→ **Records for this exercise**:
————

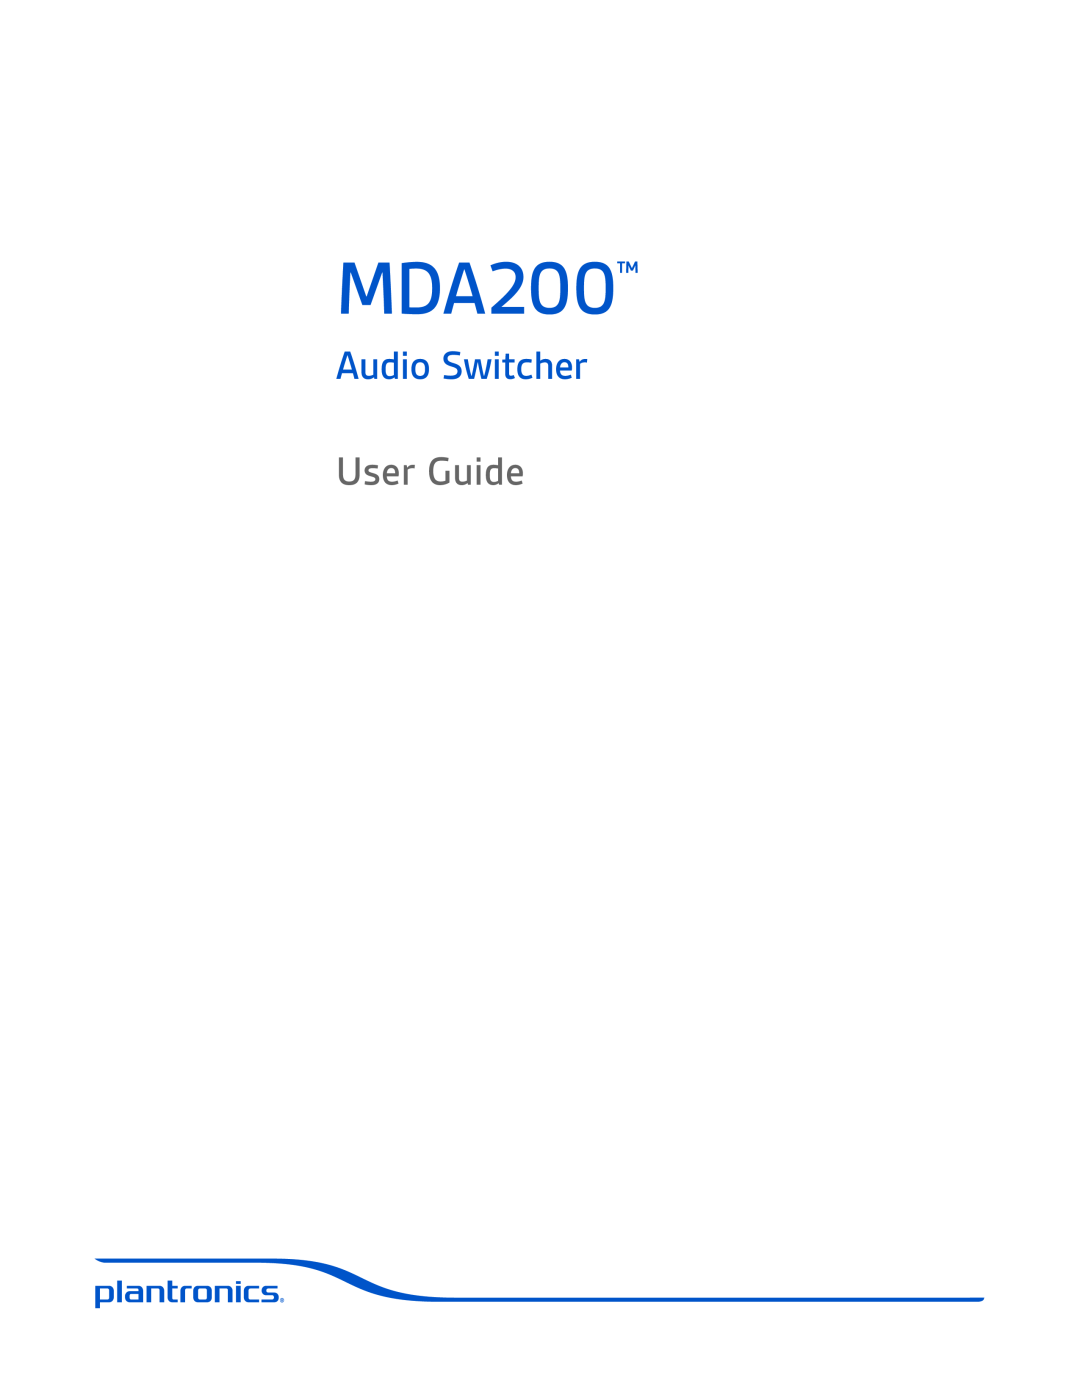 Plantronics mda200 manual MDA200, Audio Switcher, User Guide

————

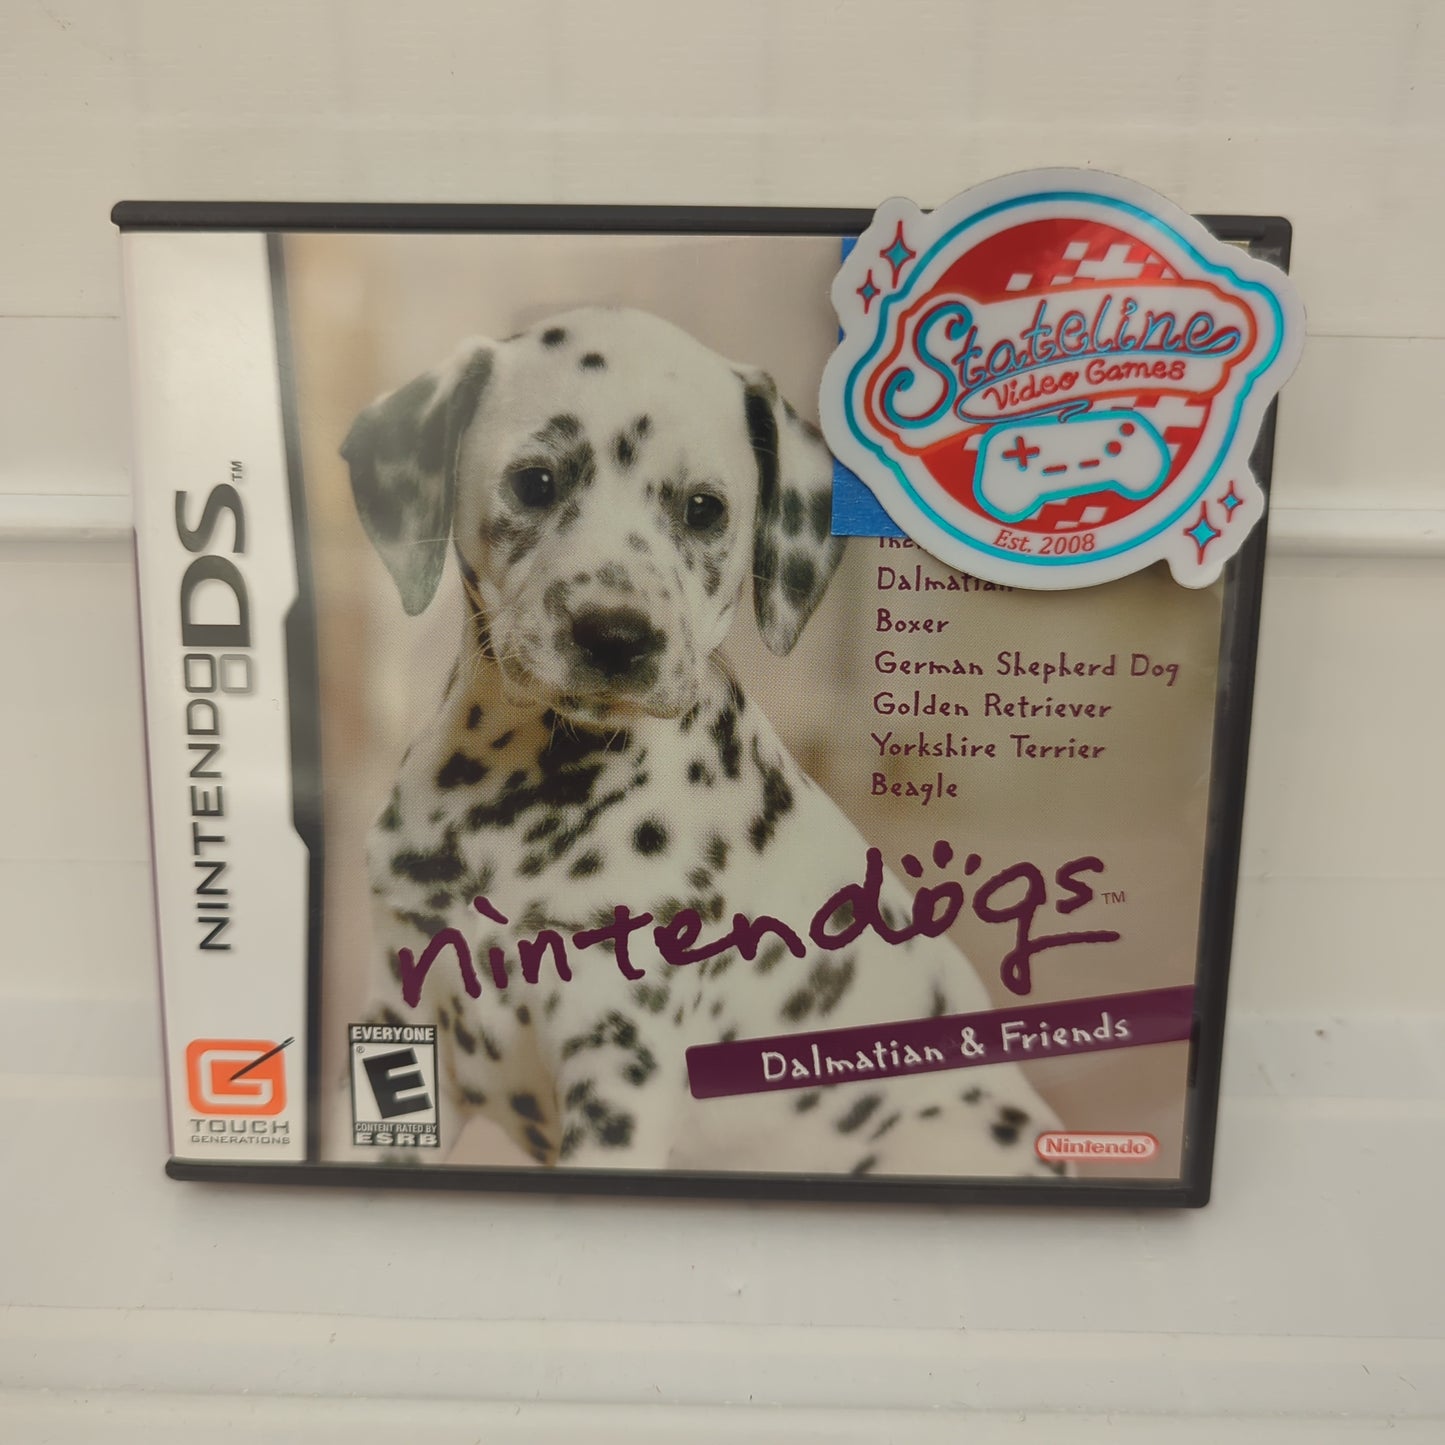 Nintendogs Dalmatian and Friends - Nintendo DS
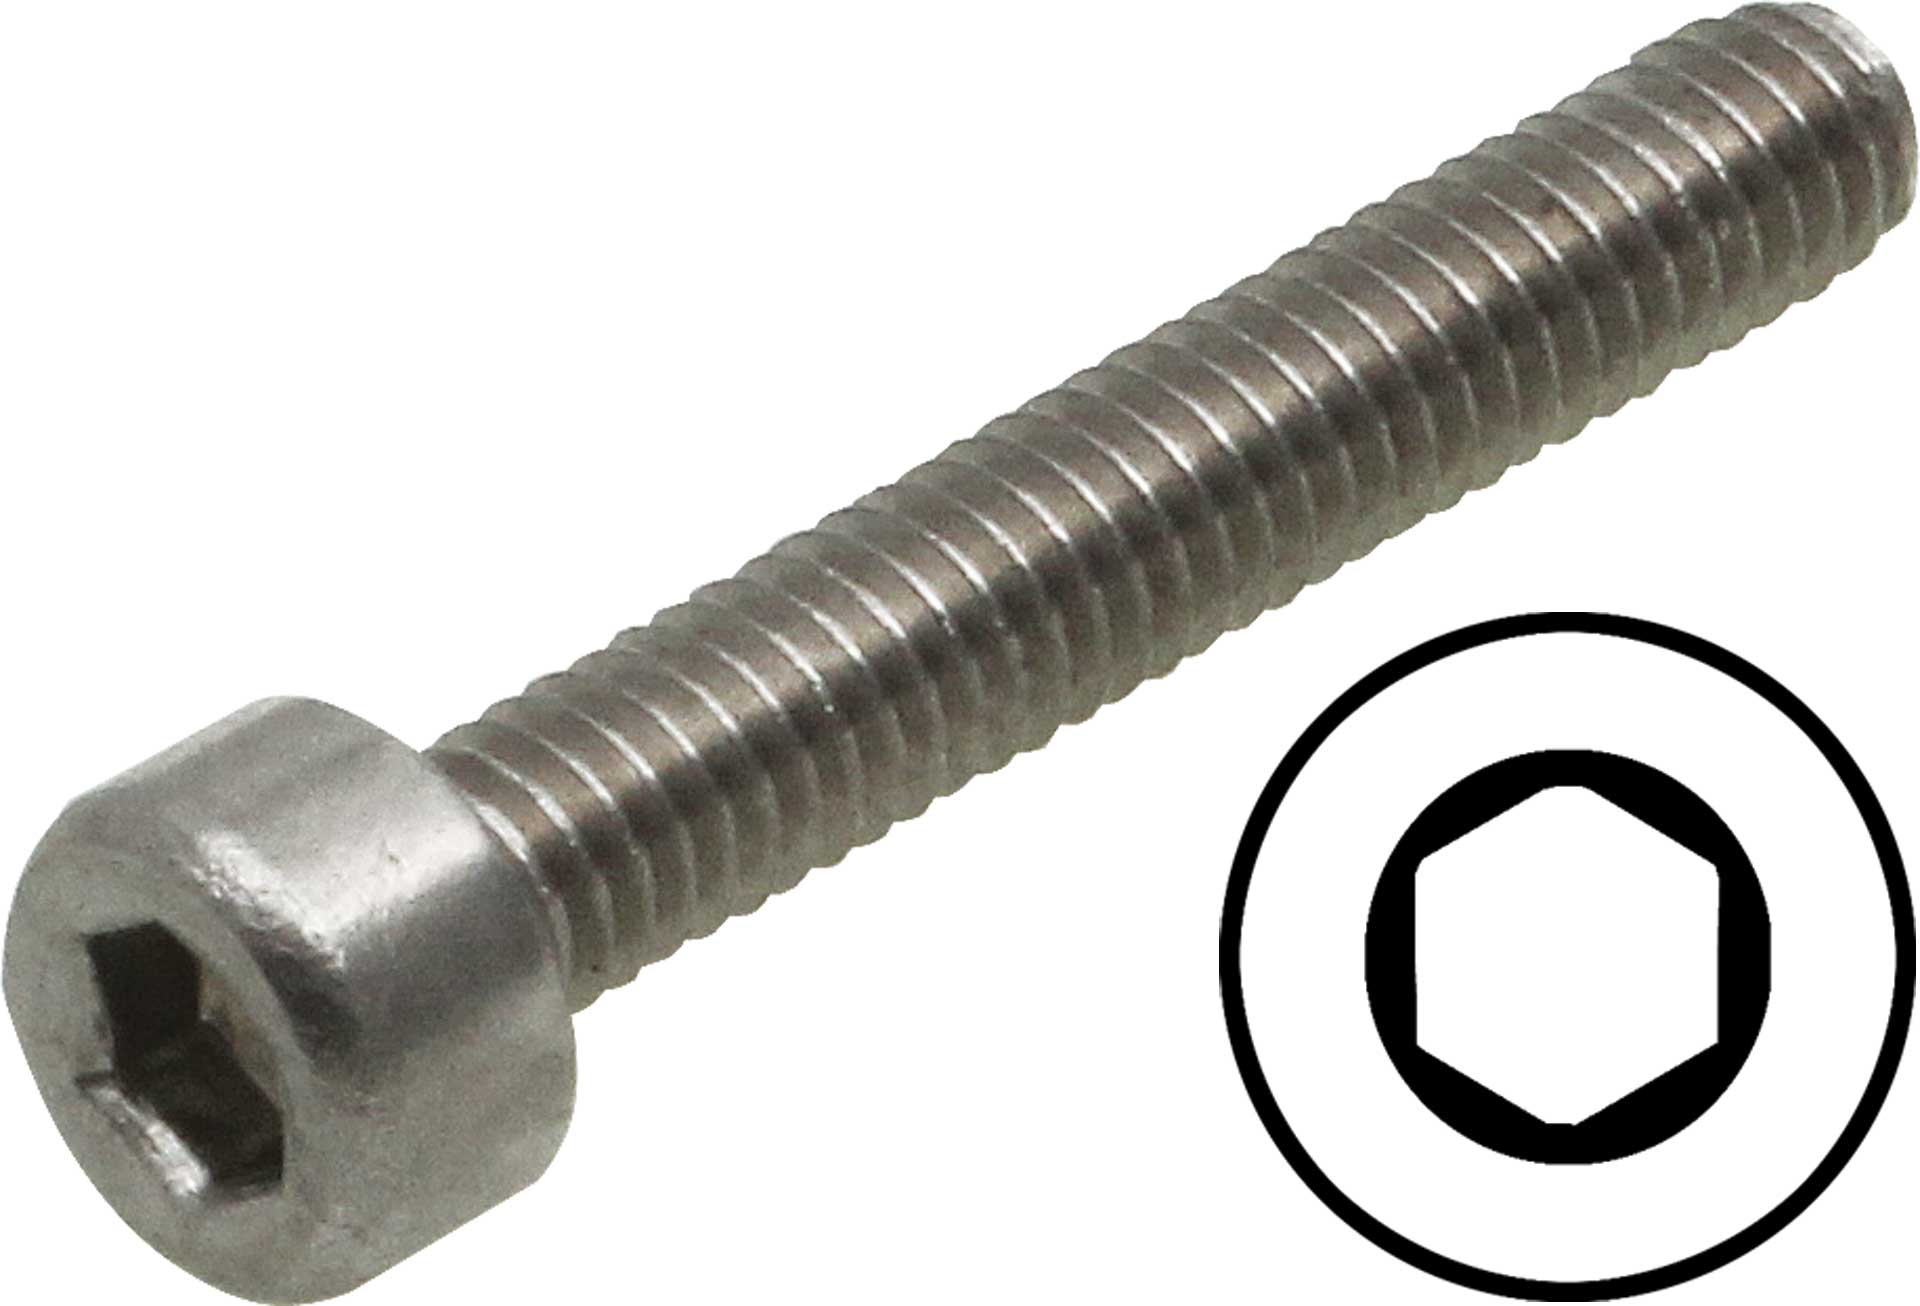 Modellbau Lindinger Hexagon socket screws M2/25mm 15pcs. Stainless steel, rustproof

————

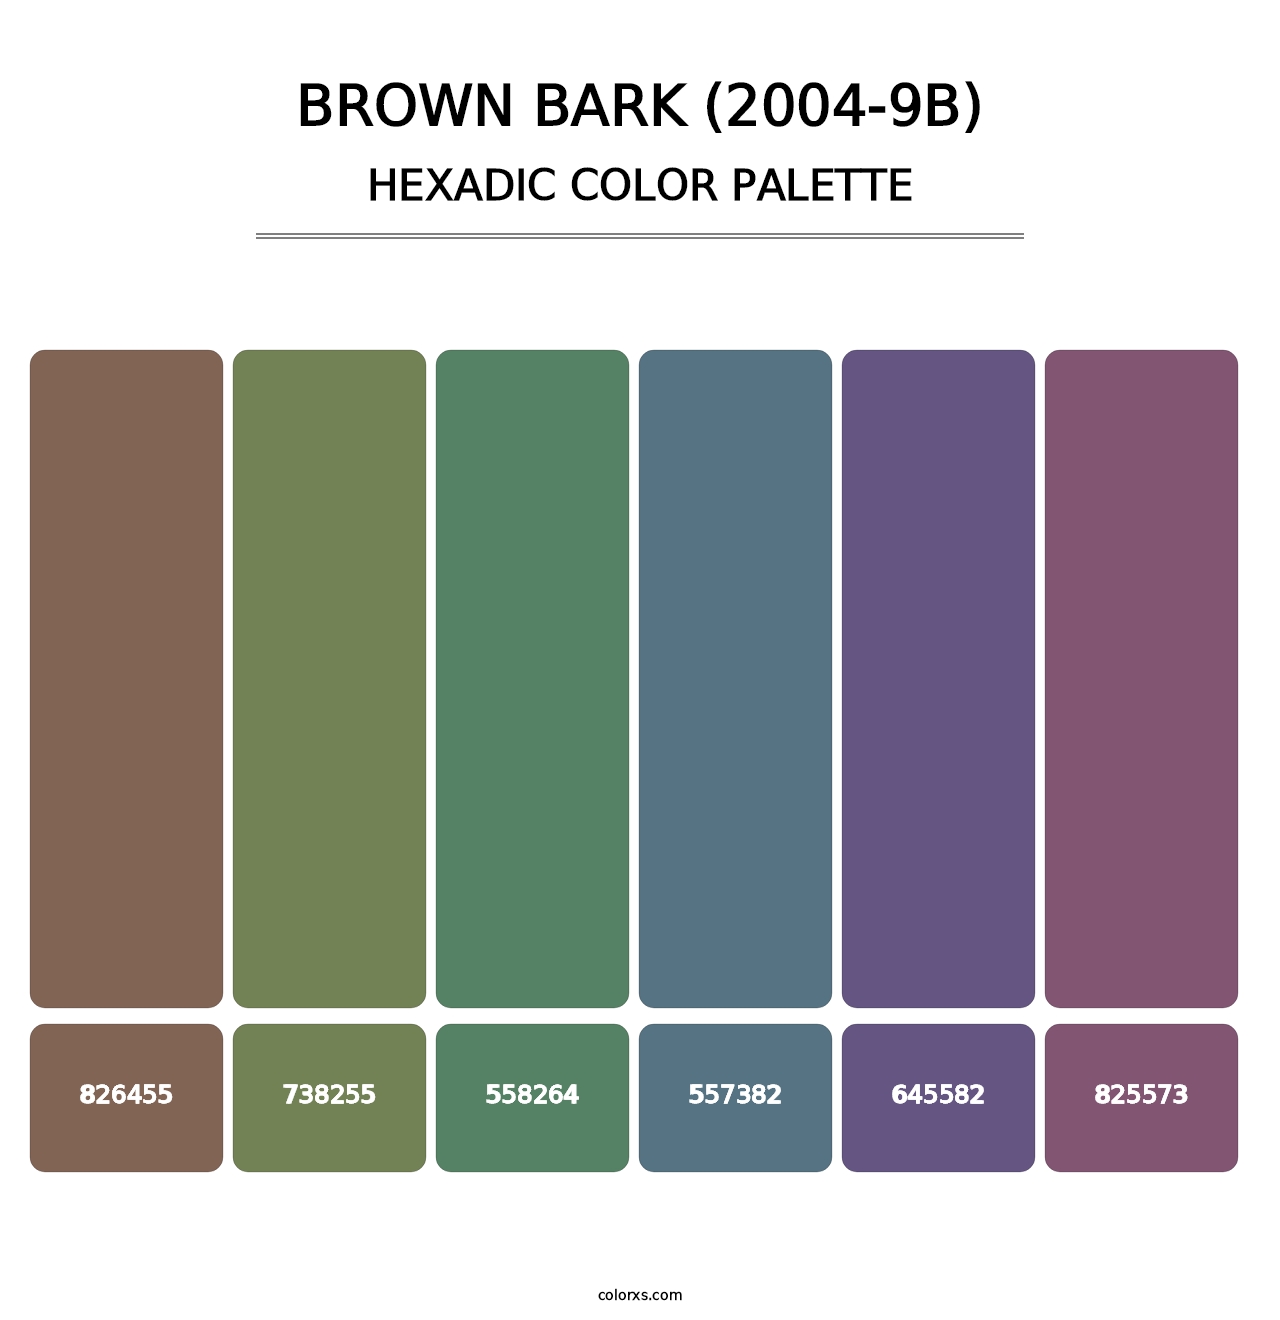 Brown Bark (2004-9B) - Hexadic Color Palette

————

→ **Exercise instructions**:
Using the data above, copy exactly the lines from the one containing "Nintendogs Dalmatian and" to the one containing "Modellbau Lindinger Hexagon", inclusive. Exclude the pictures.

→ **Response for this exercise**:
 Nintendogs Dalmatian and Friends - Nintendo DS
 Modellbau Lindinger Hexagon socket screws M2/25mm 15pcs. Stainless steel, rustproof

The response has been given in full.